*** Begin section ***

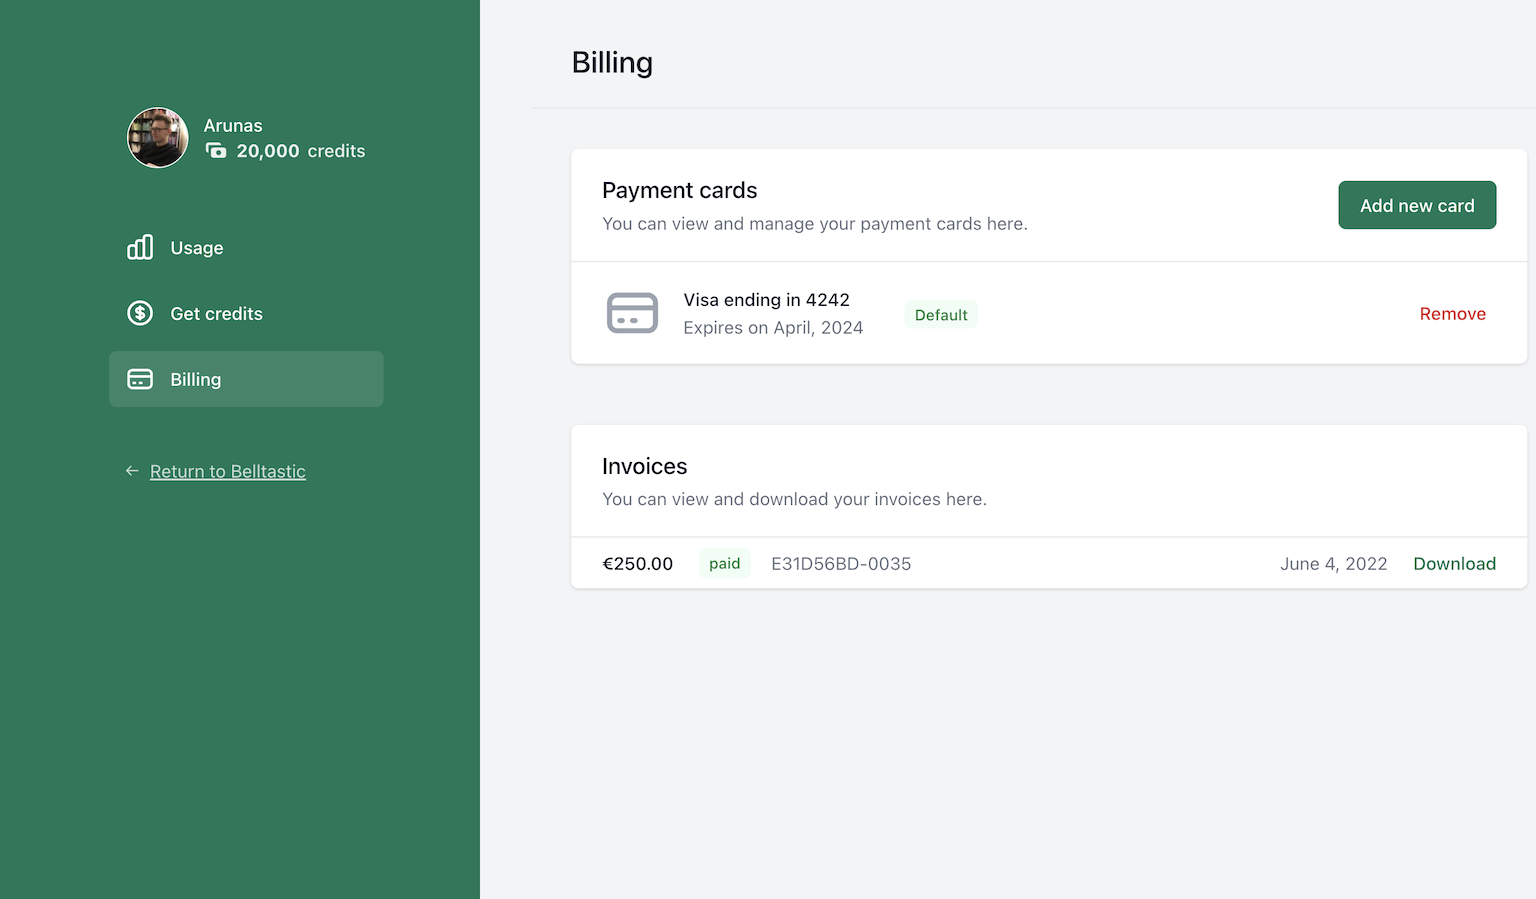 Customer billing page interface
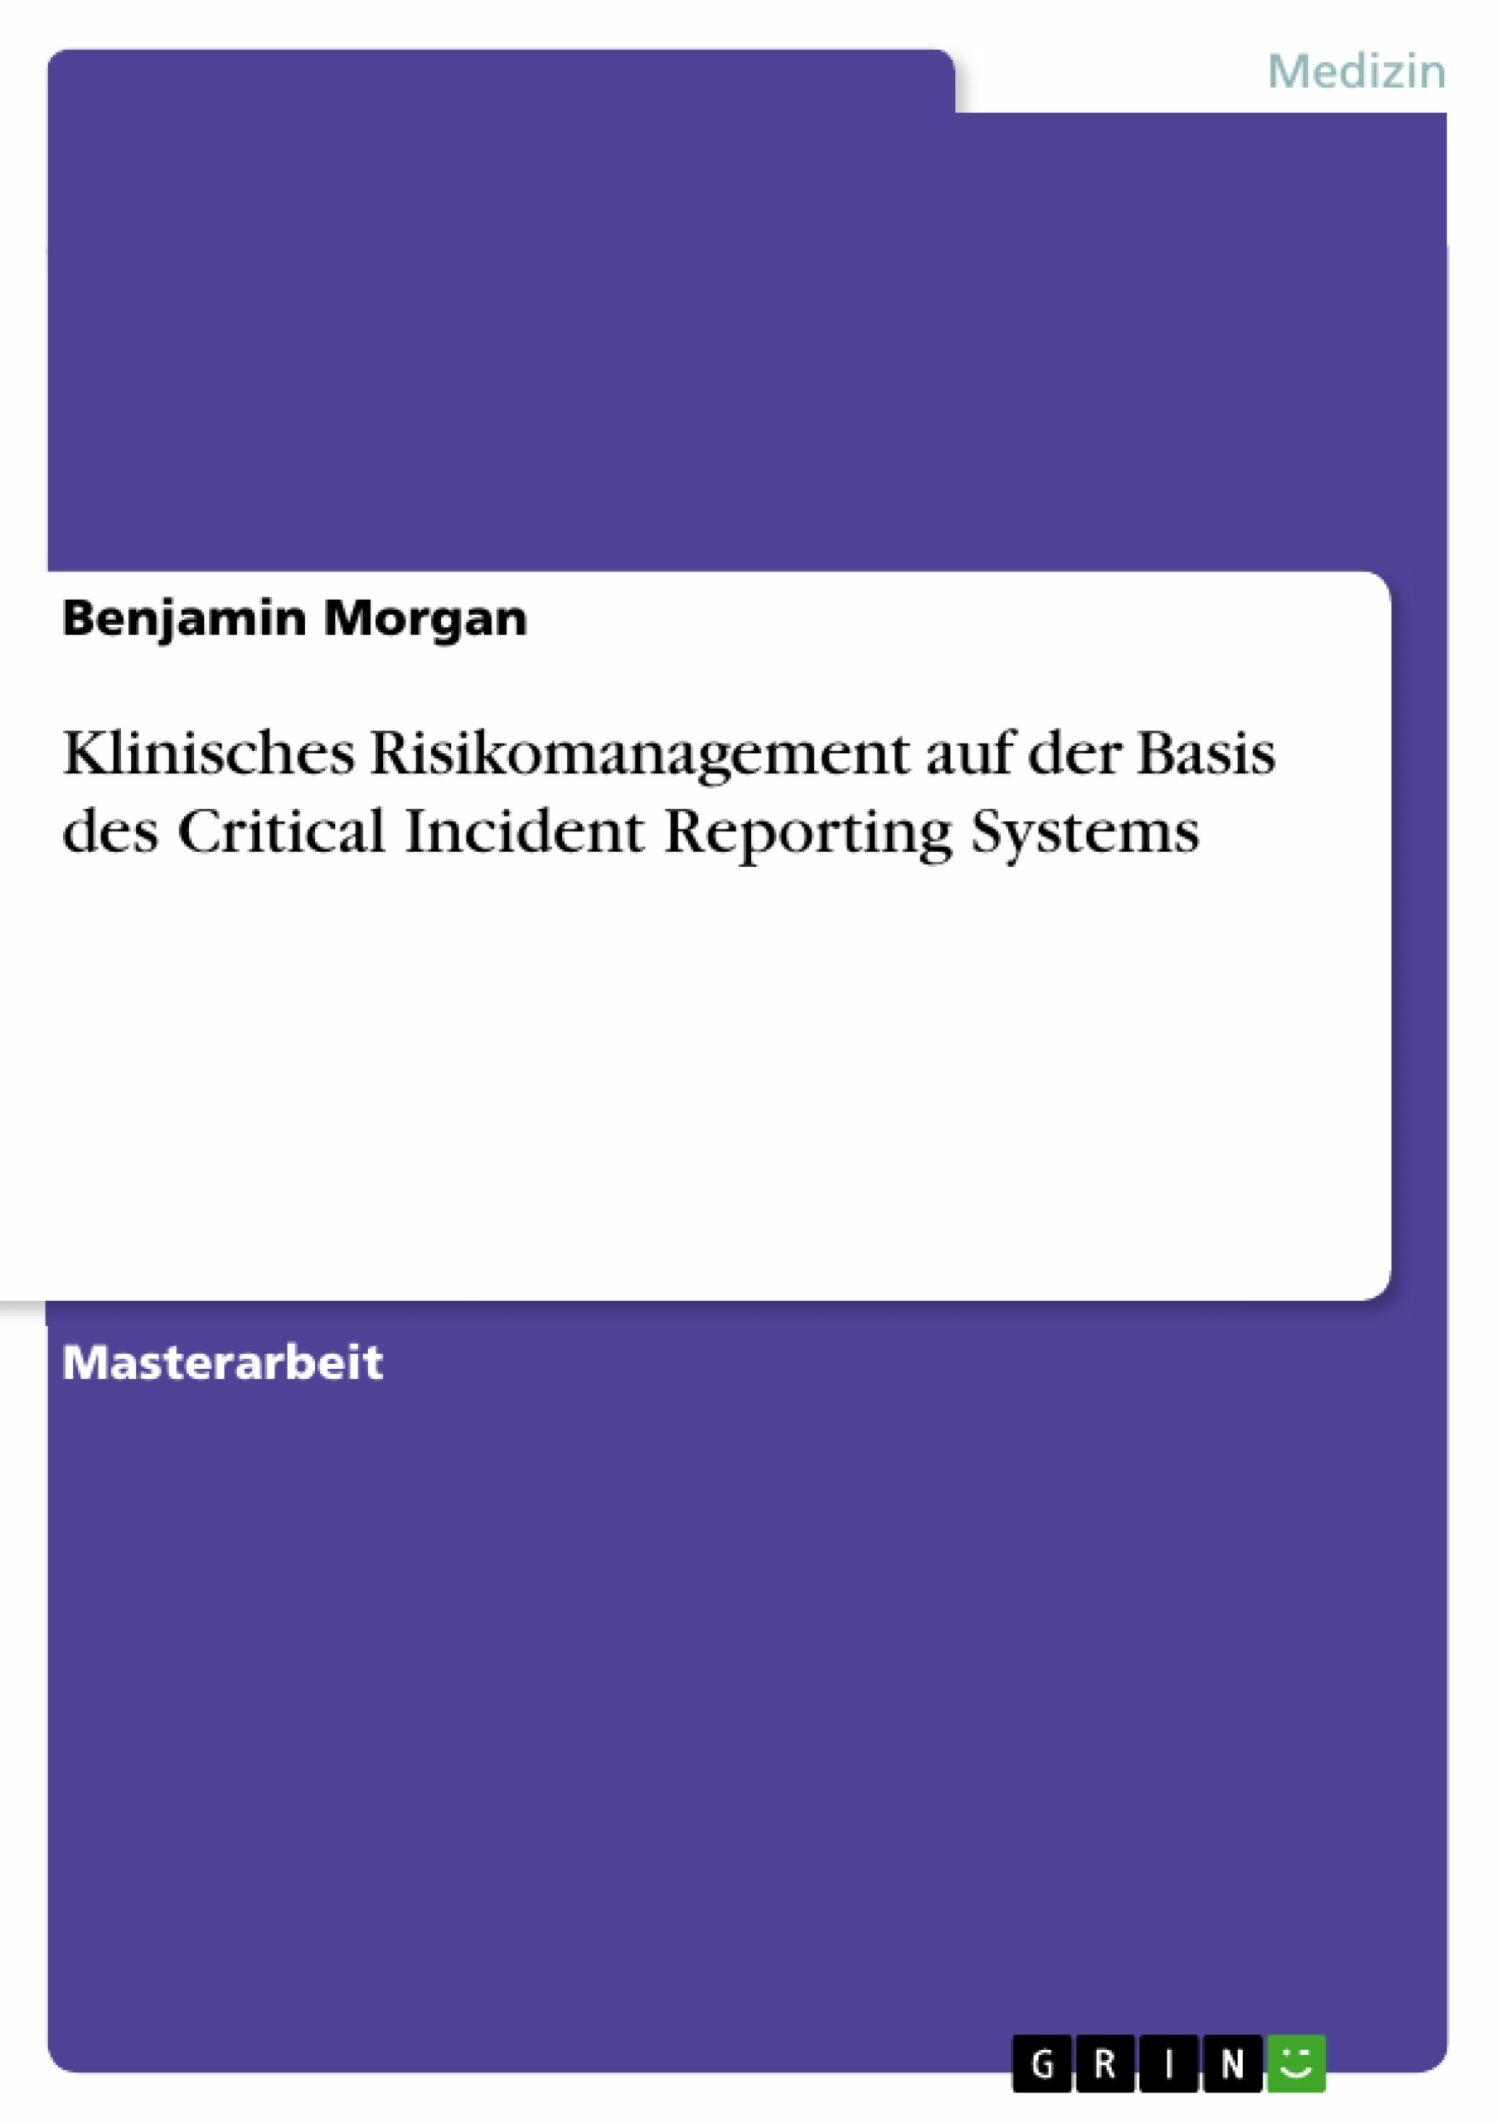 Klinisches Risikomanagement auf der Basis des Critical Incident Reporting Systems
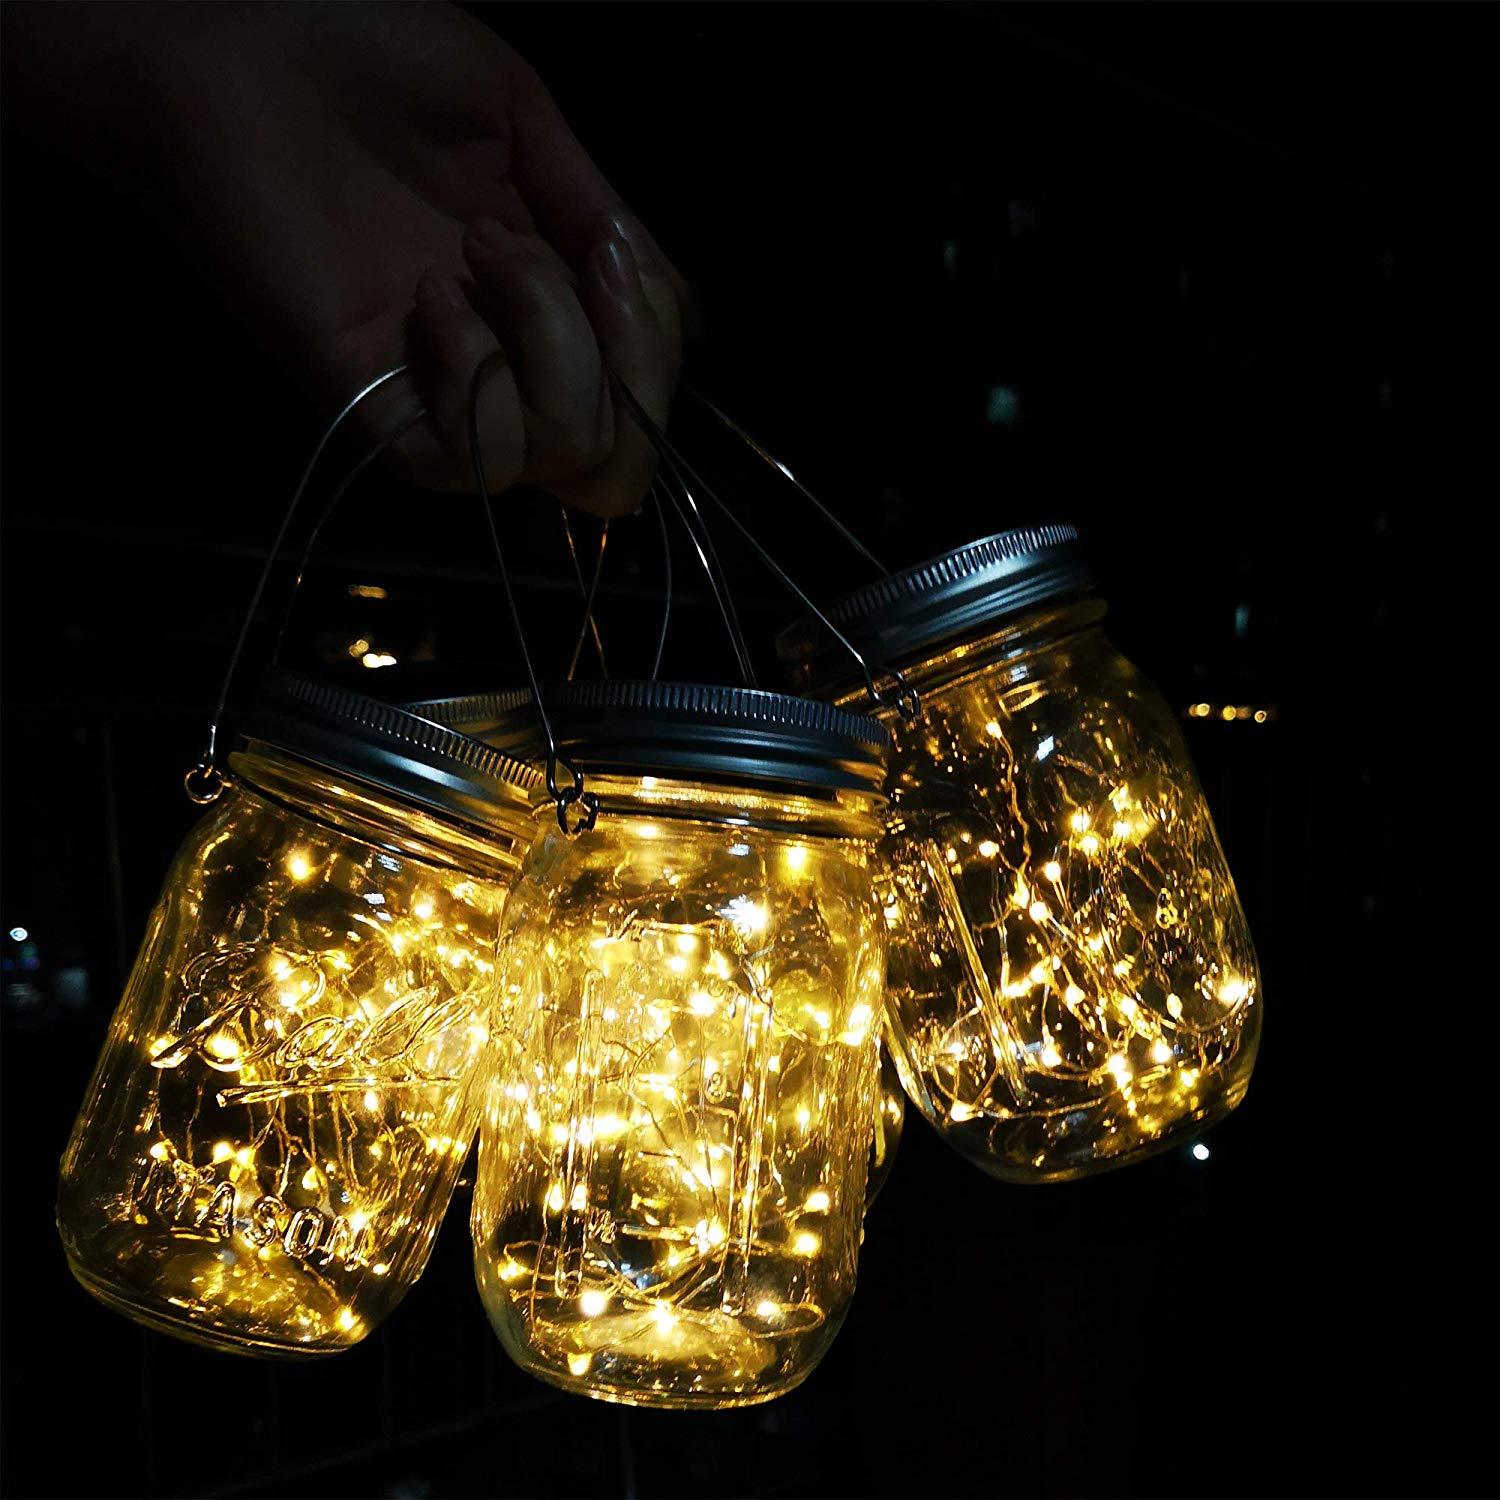 Mason Jar With Fairy Lights - oddgifts.com
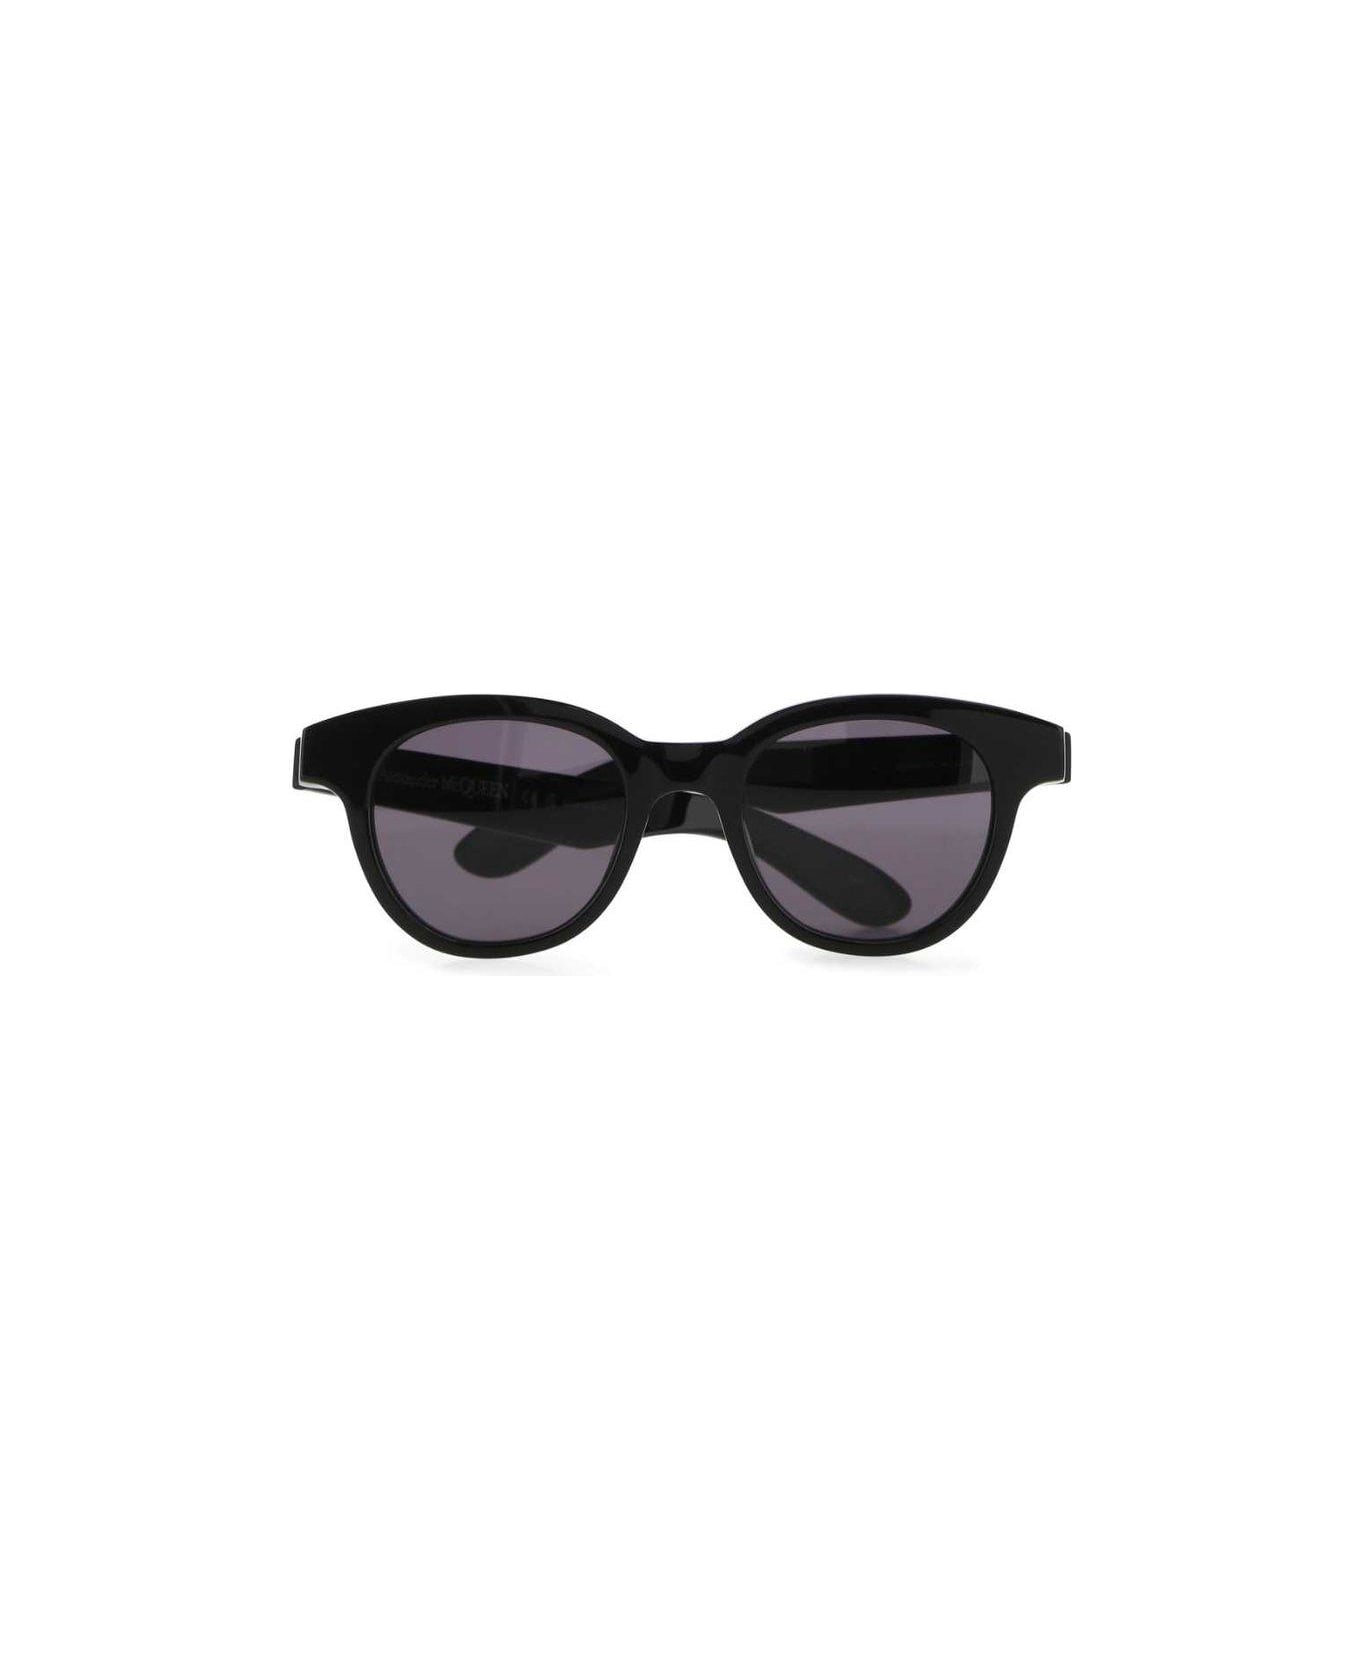 Alexander McQueen Square-frame Sunglasses - Black

*** End section ***

▸ **PROBLEM STATEMENT**:
For the material above, give every line again exactly and leave out the pictures.

▸ **SOLVED PROBLEM**:
 Customer billing page interface
 Klinisches Risikomanagement auf der Basis des Critical Incident Reporting Systems
 Mason Jar With Fairy Lights - oddgifts.com
 Alexander McQueen Square-frame Sunglasses - Black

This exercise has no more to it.